La scelta, caduta su questi due confratelli, è frutto della stima che la Santa Sede ha per la nostra presenza
francescana nella Custodia di Oriente, dove Francesco ha compiuto ottocento anni fa, il suo viaggio
profetico. In tal senso è significativo quanto il cardinale Pietro Parolin ha affermato confidenzialmente,
commentando la nomina dei Vescovi, rilevando che è un segno di buona salute dell’Ordine.
Concretamente, come i presuli restano legati all’Ordine? Interroghiamo il Diritto.
Il Codice si esprime anzitutto sul voto di obbedienza (can. 601): il frate elevato all’episcopato è soggetto
solamente al Romano Pontefice (can. 705). Una antica distinzione definiva i superiori interni, ossia il
ministro generale, provinciale e locale (can. 620), e i superiori esterni, ossia il Romano Pontefice e i
suoi vicari. In questo senso il voto di obbedienza professato rimane valido, ma orientato esclusivamente
al Papa, mentre verso i superiori dell’Ordine resta un vincolo di carità e collaborazione.
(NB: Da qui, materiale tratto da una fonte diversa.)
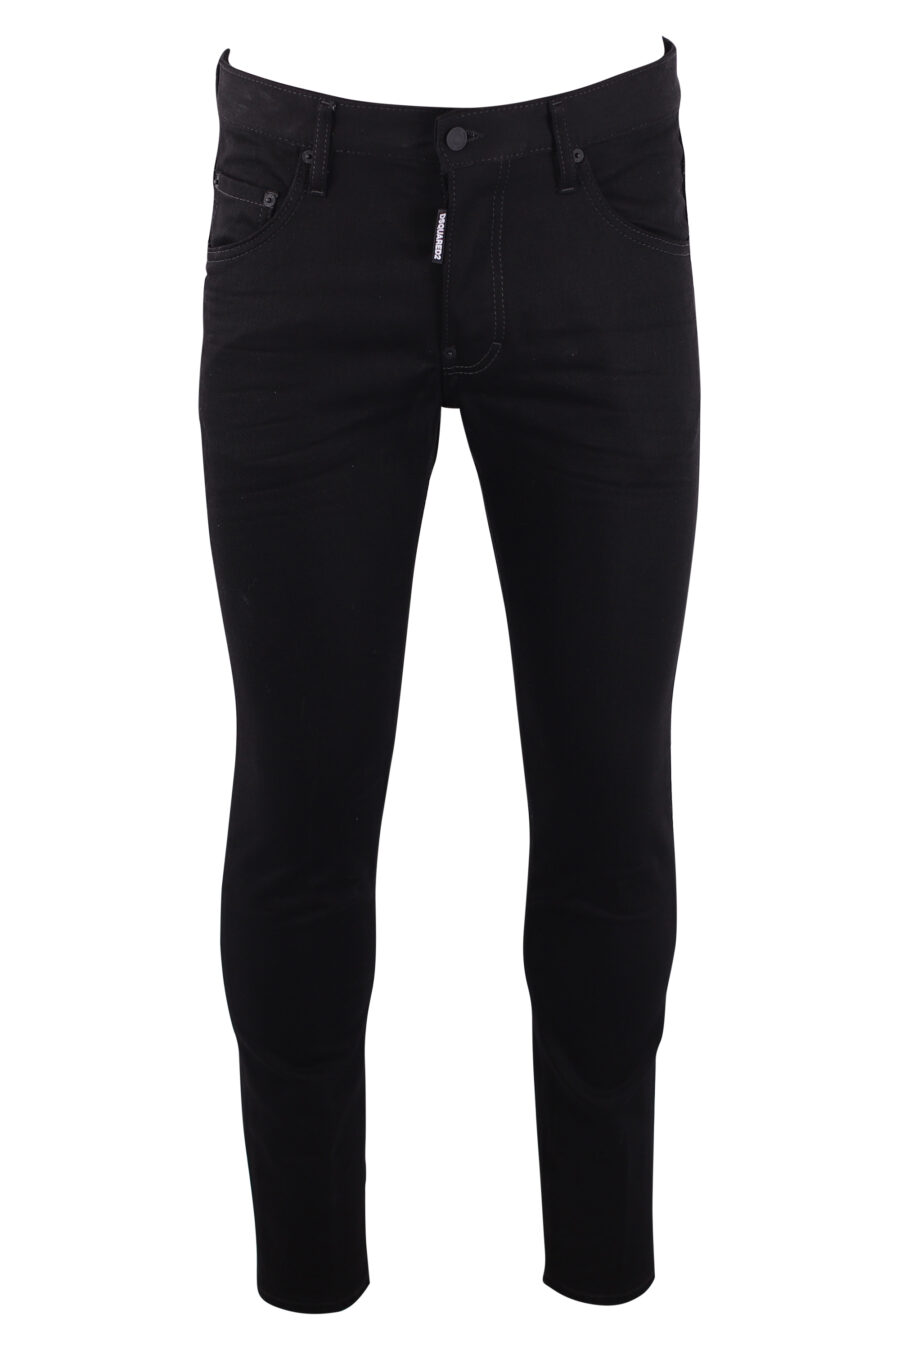 Skater jeans black - IMG 3191

Questo comporta che non eserciti nell’Ordine voce attiva e passiva, ossia la possibilità di partecipare
con voto ai Capitoli, secondo quanto dichiarato nella Risposta della Pontificia commissione per
l’interpretazione autentica del Codice del 29 aprile 1986, a poco più di tre anni dalla promulgazione del
Codice. Non è solo una incompatibilità di uffici, ma un divieto che permane anche quando il religioso
cessa dalle sue funzioni episcopali, e raggiunta la pensione e diventato emerito, sceglie di ritirarsi in
convento. Il vescovo religioso è tenuto ad osservare il voto di povertà (can. 600) per cui ha effettivamente
rinunciato ad avere la titolarità di beni (can. 668 §4)?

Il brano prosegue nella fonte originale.